# Ladies, whats your ideal height for a man?



## redcorn (Dec 24, 2009)

Just curious.


----------



## laura024 (Aug 11, 2006)

I'd say somewhere between 5'9 and 6'0, although shorter or taller isn't a deal breaker.


----------



## Hadron92 (Apr 17, 2009)

6'2". 

Reason? Because it's my height. And according to my completely unbiased opinion, it's perfect:b.

Edit: oops, I didn't realise it's for ladies only. I clicked on "next thread" and only saw "ideal height for a man"


----------



## leonardess (Jun 30, 2009)

as long as he's taller than me. However, in the bigger picture, things like this are beside the point.


----------



## zoe the cat (Feb 27, 2010)

Taller than me, though that's not easy as I'm six foot myself. I doubt I'll find someone taller than me, and it doesn't really matter. As you said, 'ideal' height.


----------



## pita (Jan 17, 2004)

Doesn't matter to me.


----------



## njodis (Nov 8, 2006)

Oh, it's gotta be shorter than 5'10'' definitely, right? Right? heh heh heh...

:die


----------



## Perfectionist (Mar 19, 2004)

Where is the do not care option?


----------



## caflme (Jun 7, 2009)

I voted shorter than 5'10"... I am 5' tall and I love it when you can snuggle and be able to be face to face and still play footsie at the same time... also I hate looking way way up at people while talking and that dreadful awkward them having to lean way way over to kiss you. Plus other unmentionable logistical reasons.


----------



## BetaBoy90 (Jan 5, 2010)

So if you're between 6' and 6'2 no one will date you....... cry


----------



## ManderTard (Mar 14, 2010)

I was never too fond of shorter guys but lately I've developed a love for them. I like my Men tall mostly but not like a freakign skyscraper even though I'm tall myself (5'9"). I have this huge crush on Jean Paul Makhlouf from my favorite band cash cash and he's about 5'4".  Short guys are adorable to me.


----------



## Kelly (Dec 12, 2003)

My guy is four centimeters shorter than I am. That makes him 5'10" or so. So I like them 5'10". 

Have a nice day,
Kelly


----------



## UltraShy (Nov 8, 2003)

I'm 6' for any ladies who care.

I'm sure all the guys under 5'10" who, if not already feeling insecure enough, are all lumped together into one Munchkin category.:lol


----------



## rumjungle (Feb 13, 2009)

Doesn't really matter in the grand scheme of things.

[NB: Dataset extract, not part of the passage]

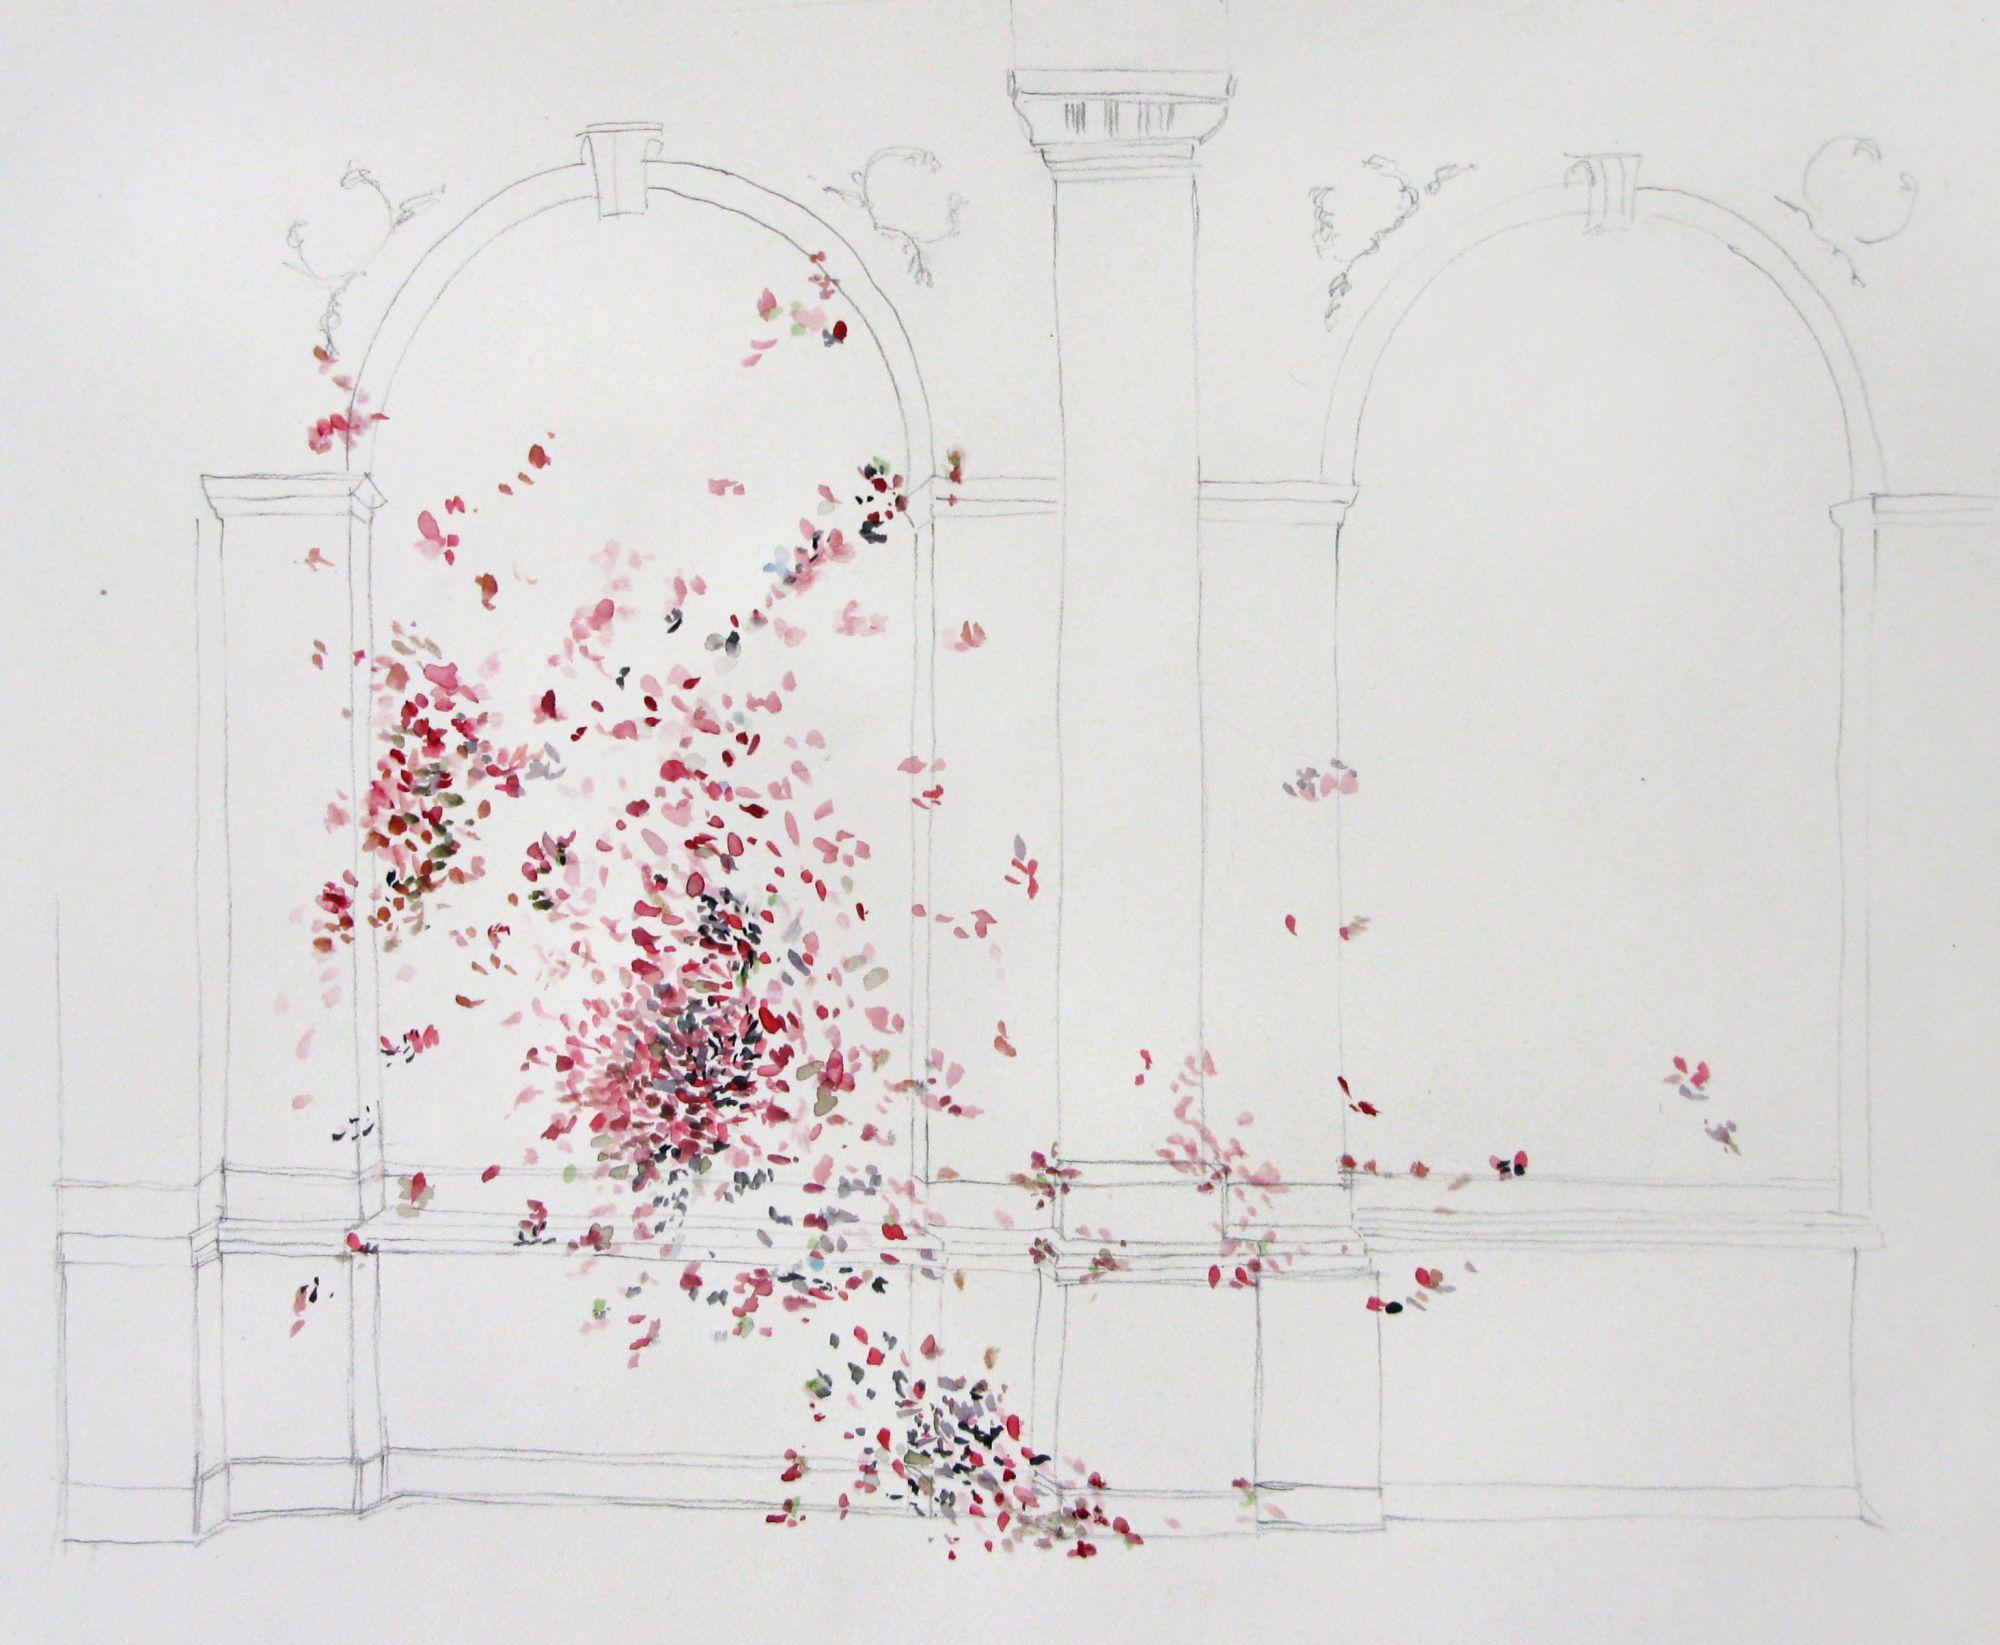 """""""Ogrody"""", Anna Panek, """"Zakwit"""", 2015, instalacja malarska, projekt pracy na wystawie (źródło: materiały prasowe)"""

If I was to date I guess I'd prefer someone taller than me (I'm 5"5') because it makes me feel small.


----------



## solasum (Nov 17, 2008)

I don't care, either, so I didn't vote.


----------



## tutliputli (Feb 22, 2009)

caflme said:


> I voted shorter than 5'10"... I am 5' tall and I love it when you can snuggle and be able to be face to face and still play footsie at the same time... also I hate looking way way up at people while talking and that dreadful awkward them having to lean way way over to kiss you. *Plus other unmentionable logistical reasons*.


:teeth

I don't give a crap about height.


----------



## nothing to fear (Mar 23, 2005)

i don't think i have an ideal height. my boyfriend is a foot taller than me so i get a lot of neck pain from kissing while standing up. i'm thinking of investing in stilts, but i'm quite used to it. also i do love resting my head on his chest and being able to hear his heartbeat ^_^


----------



## quiet0lady (Sep 29, 2009)

nothing to fear said:


> my boyfriend is a foot taller than me so i get a lot of neck pain from kissing while standing up.


My ex was waaay taller than me too. I hated the fact that he had to bend all the way down just to kiss me.

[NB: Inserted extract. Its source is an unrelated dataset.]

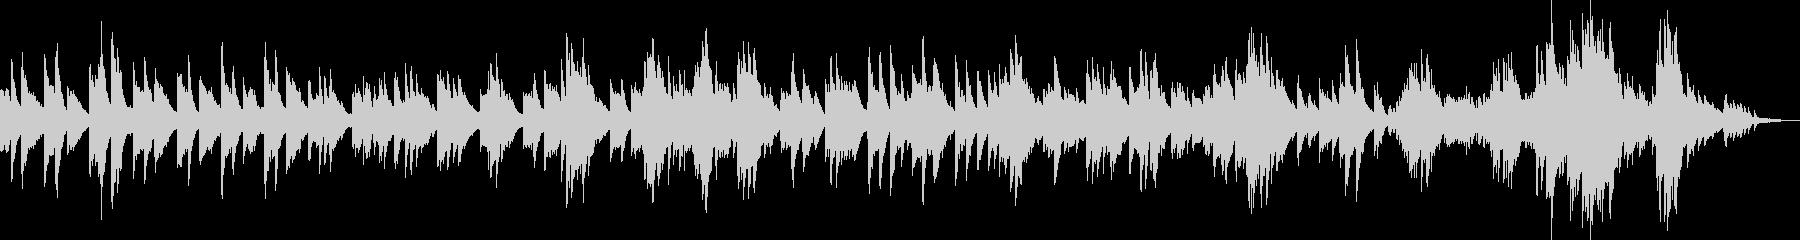 暗く悲しい過去(ピアノソロ)の未再生の波形

Height really isn't an issue for me. Most guys I encounter are taller than me anyways, but if they aren't it's not a big deal.


----------



## millenniumman75 (Feb 4, 2005)

I am looking to see what the ladeeez think of the _last_ option listed. So far, two haven't gone wrong. :lol opcorn


----------



## SilentLoner (Jan 30, 2006)

My height or taller.


----------



## heyJude (Aug 1, 2009)

I'd prefer somewhere between 5'7" and 6' . Preferably no one my height (5'4") or shorter, but no one insanely tall either.


----------



## Gena320 (Jul 1, 2007)

5'5" and up, I think...I'm only 5'1." But under 5'10...maybe. Not to tall, not too short. My boyfriend is 5'5." We're at the same height, more or less, when I wear high heels. It looks okay, I think...


----------



## caflme (Jun 7, 2009)

5'2"-5'10" --- Max... prefer 5'8" and under


----------



## Meli24R (Dec 9, 2008)

5'4" (my height) and up. I'd probably feel awkward dating someone shorter.


----------



## Akane (Jan 2, 2008)

Taller than me. Since I'm 5'2 that covers a good majority of the male population. Although having a 6'3 boyfriend did look rather weird so I suppose somewhere there's an upper limit but other things are far more important.


----------



## Just Lurking (Feb 8, 2007)

The poll _starts_ at 5'10. Ouch! :lol

Well these responses confirm what I already figured, that height generally doesn't matter as long as you're her height or taller.


----------



## kitterbug (Oct 25, 2007)

6'1 rawr!


----------



## Madison_Rose (Feb 27, 2009)

Perfectionist said:


> Where is the do not care option?


^this.

I really don't care - there are _much_ more important things! I wouldn't want to date someone who was hugely insecure about his height, but if he's shorter than me and doesn't care, then I don't care either. I used to work with a buff, charming, guy of about 5'1". Had I been single, I totally would have!


----------



## sash (Nov 16, 2009)

I'm attracted to someone who is at least an inch taller than me, but if he was shorter, it wouldn't really matter if I fell in love with his personality.


----------